#### Material provided:
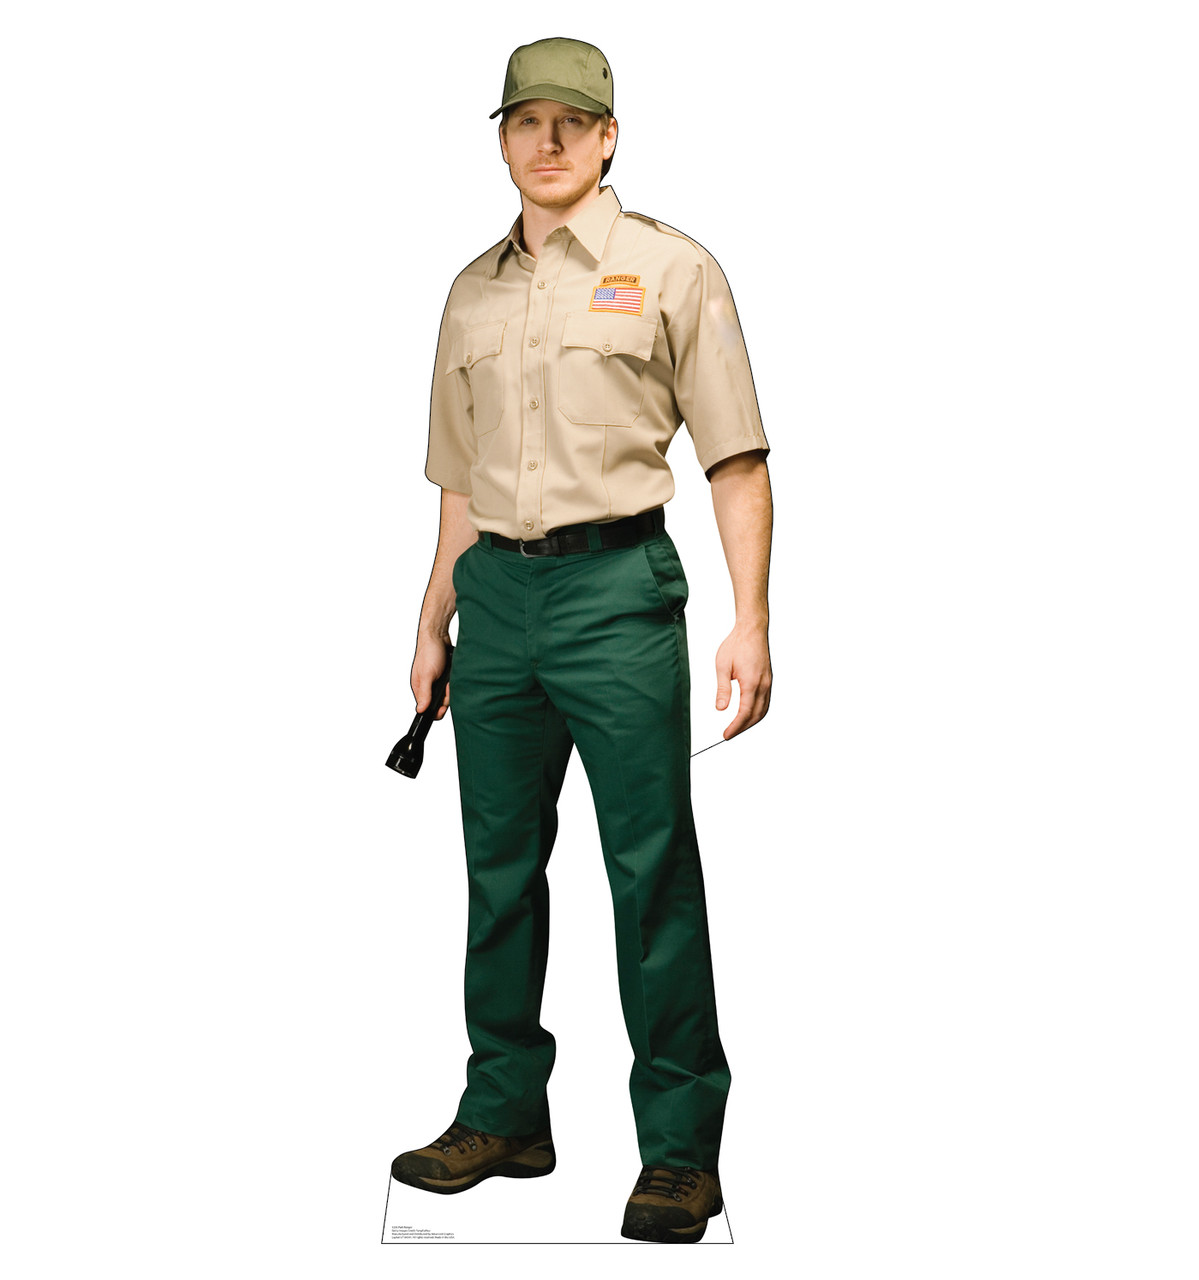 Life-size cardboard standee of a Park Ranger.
* * *
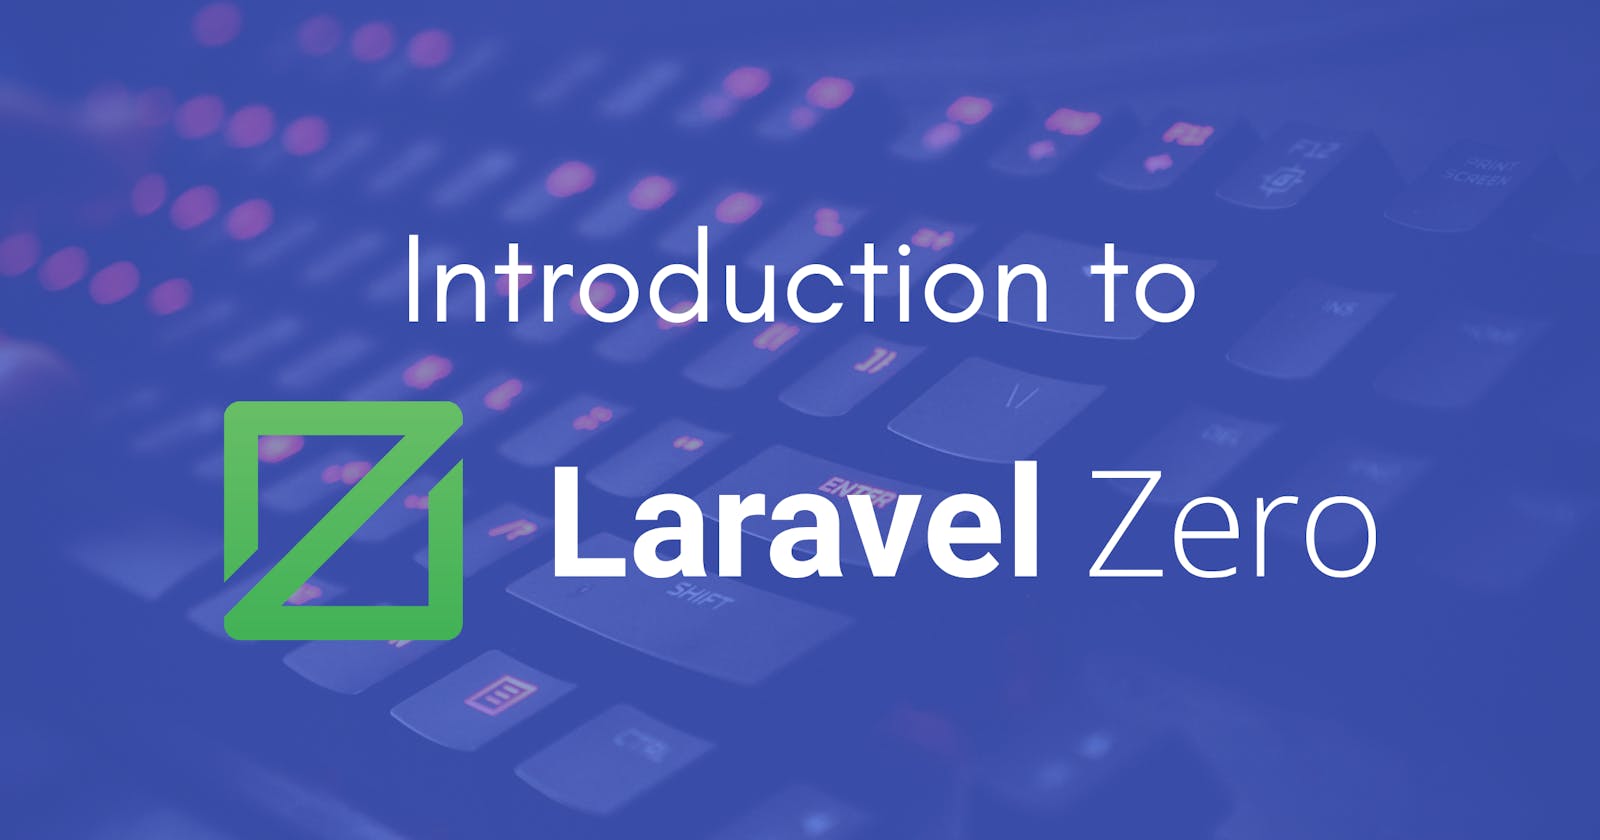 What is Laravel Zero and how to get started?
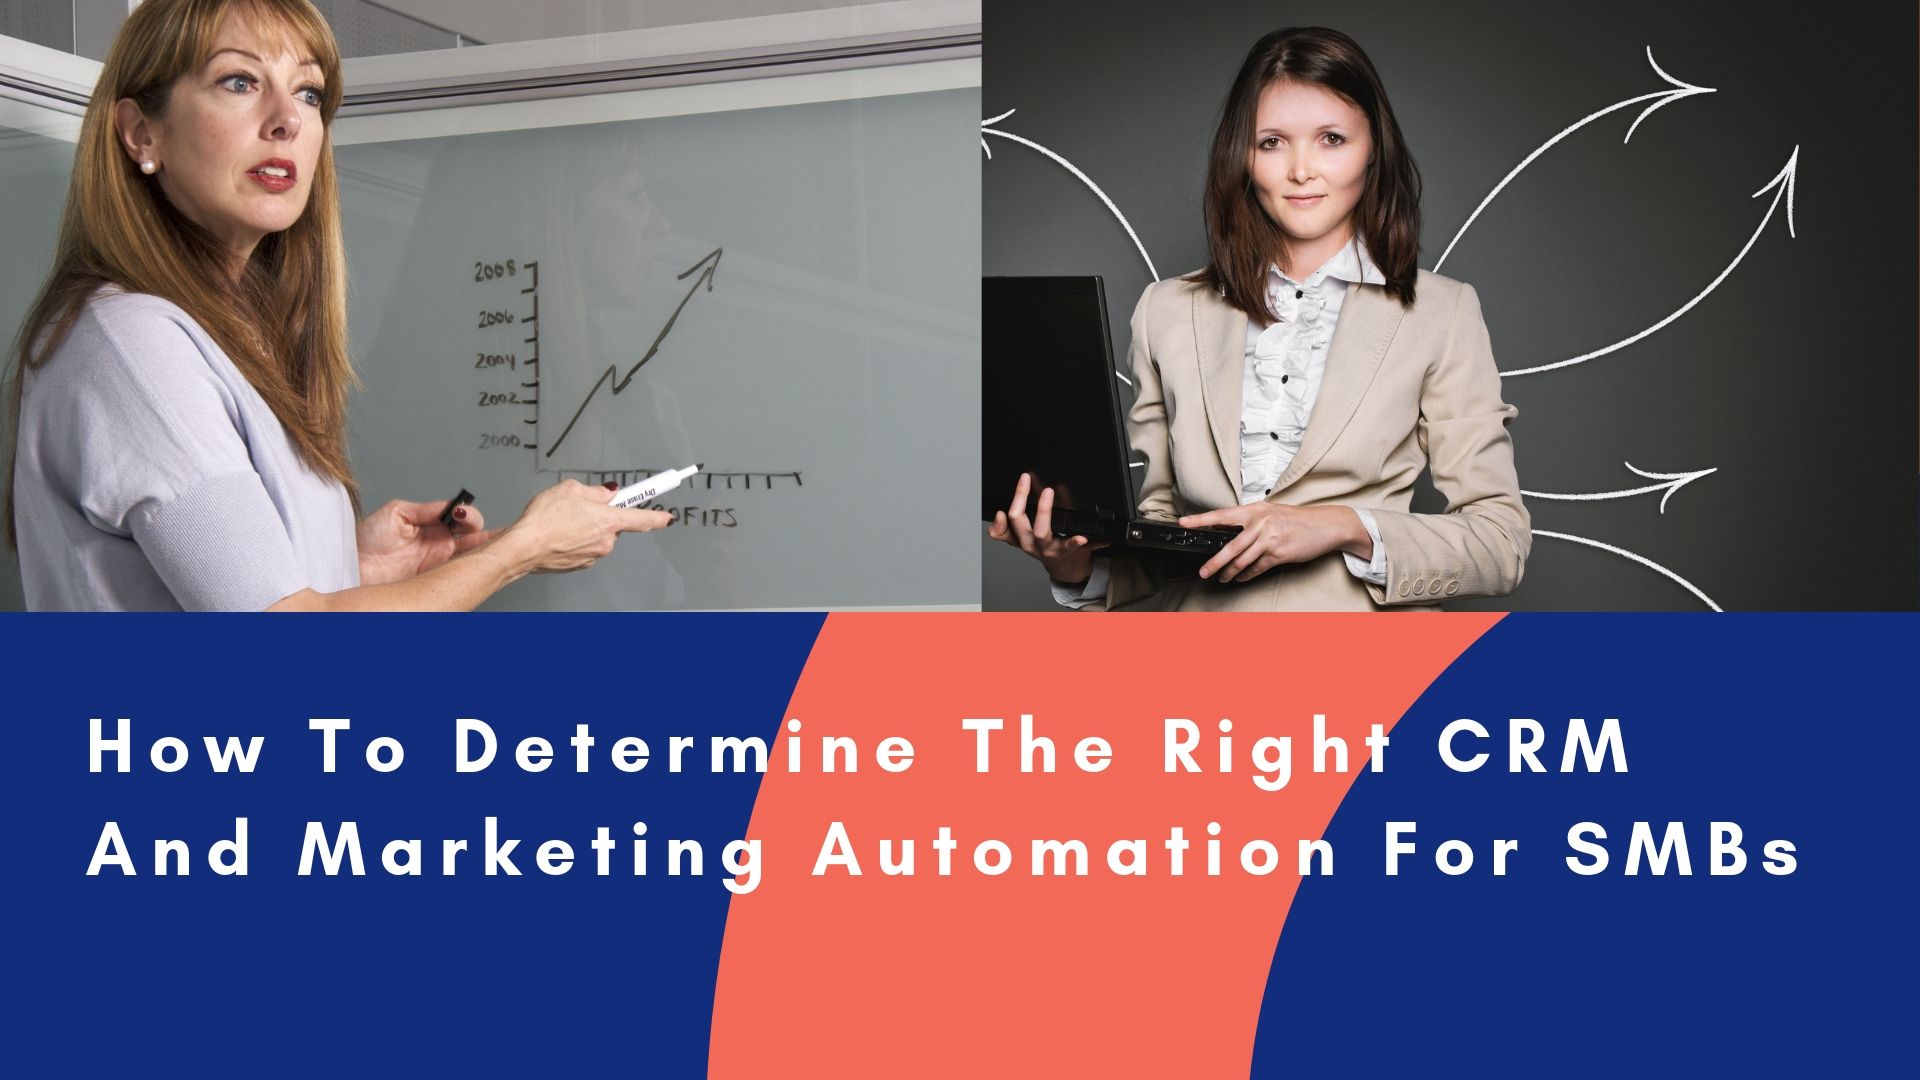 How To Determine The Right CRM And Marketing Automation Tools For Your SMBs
...
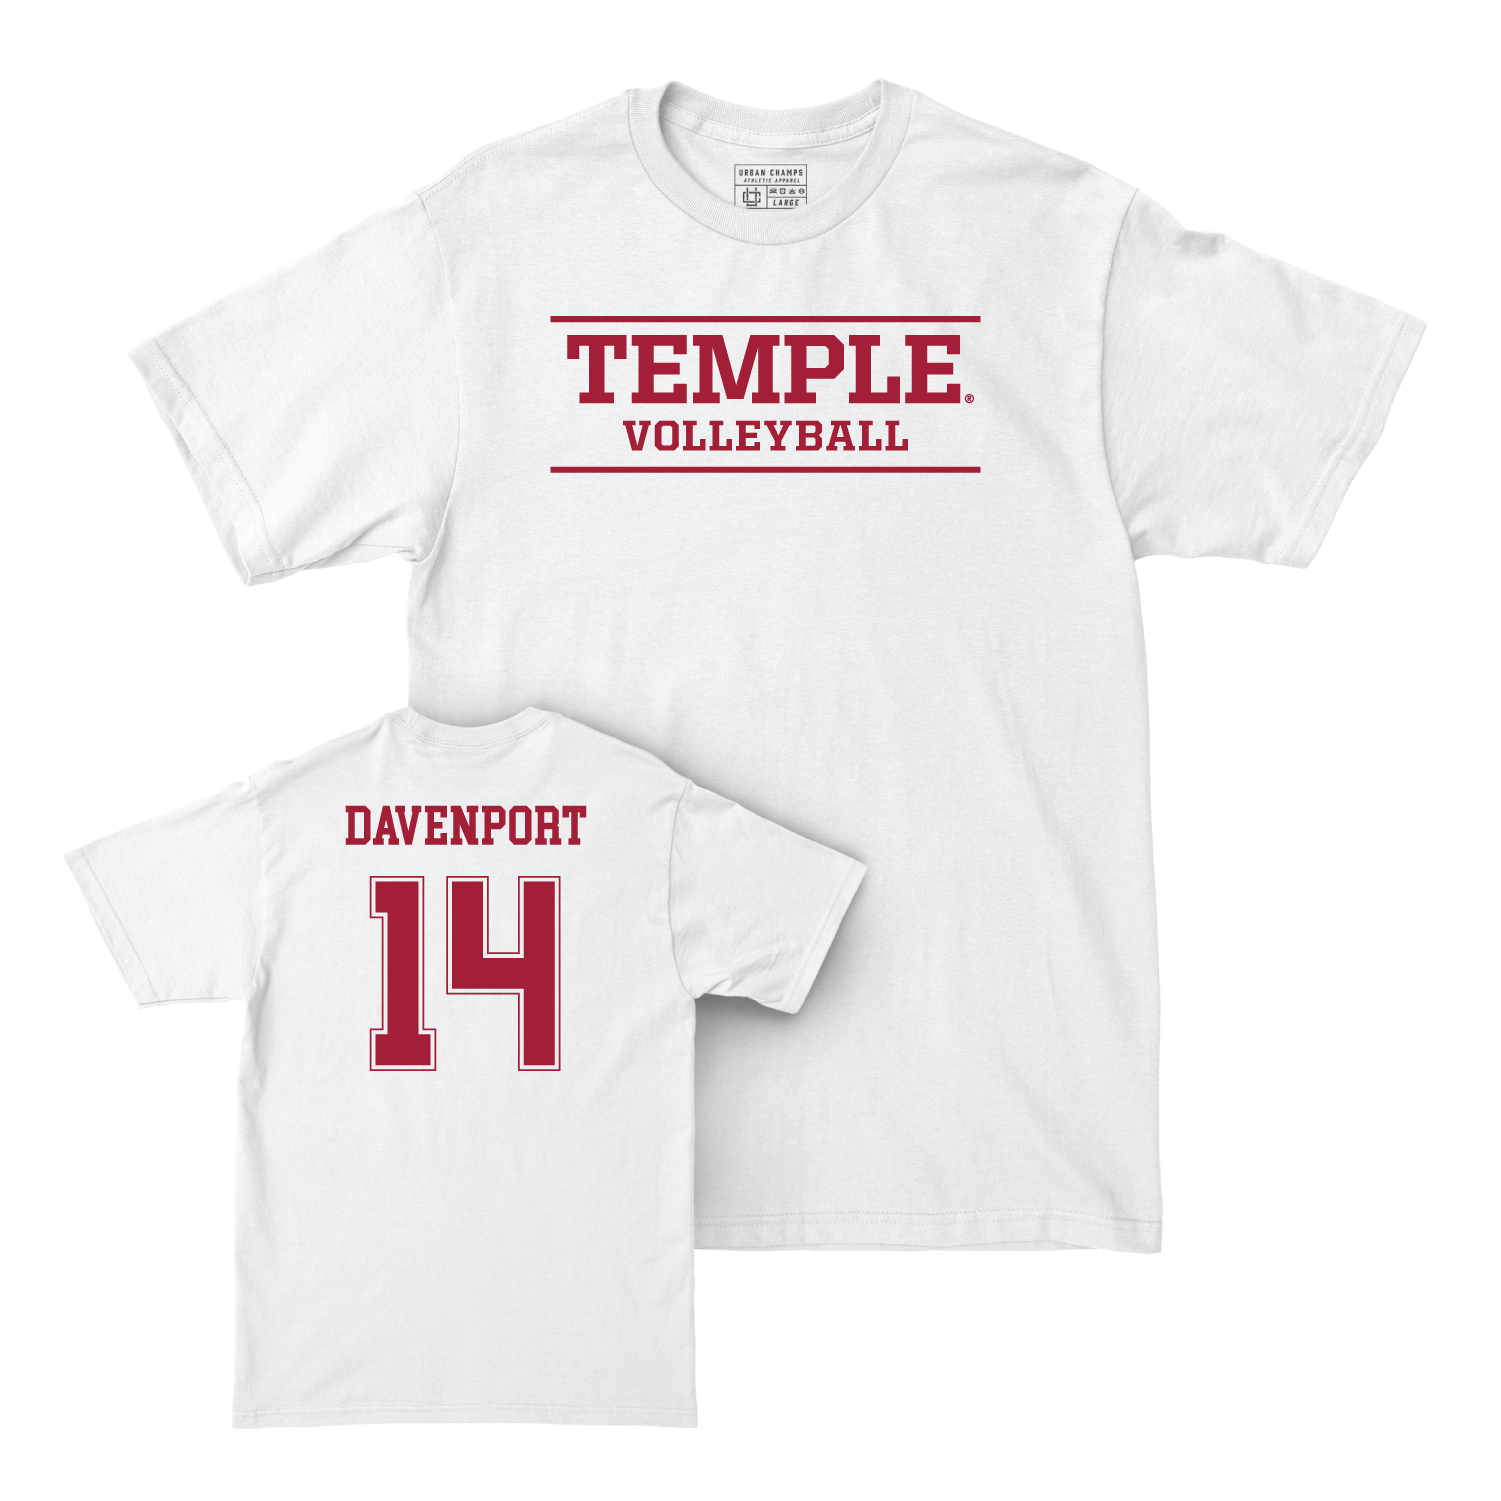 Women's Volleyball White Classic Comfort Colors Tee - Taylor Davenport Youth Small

#### Task requirements:
Using the data above, copy exactly the lines from the one containing "What is Laravel Zero and how to get started?" to the one containing "How To Determine", inclusive. Exclude the pictures.

#### Exercise result:
 What is Laravel Zero and how to get started?
 How To Determine The Right CRM And Marketing Automation Tools For Your SMBs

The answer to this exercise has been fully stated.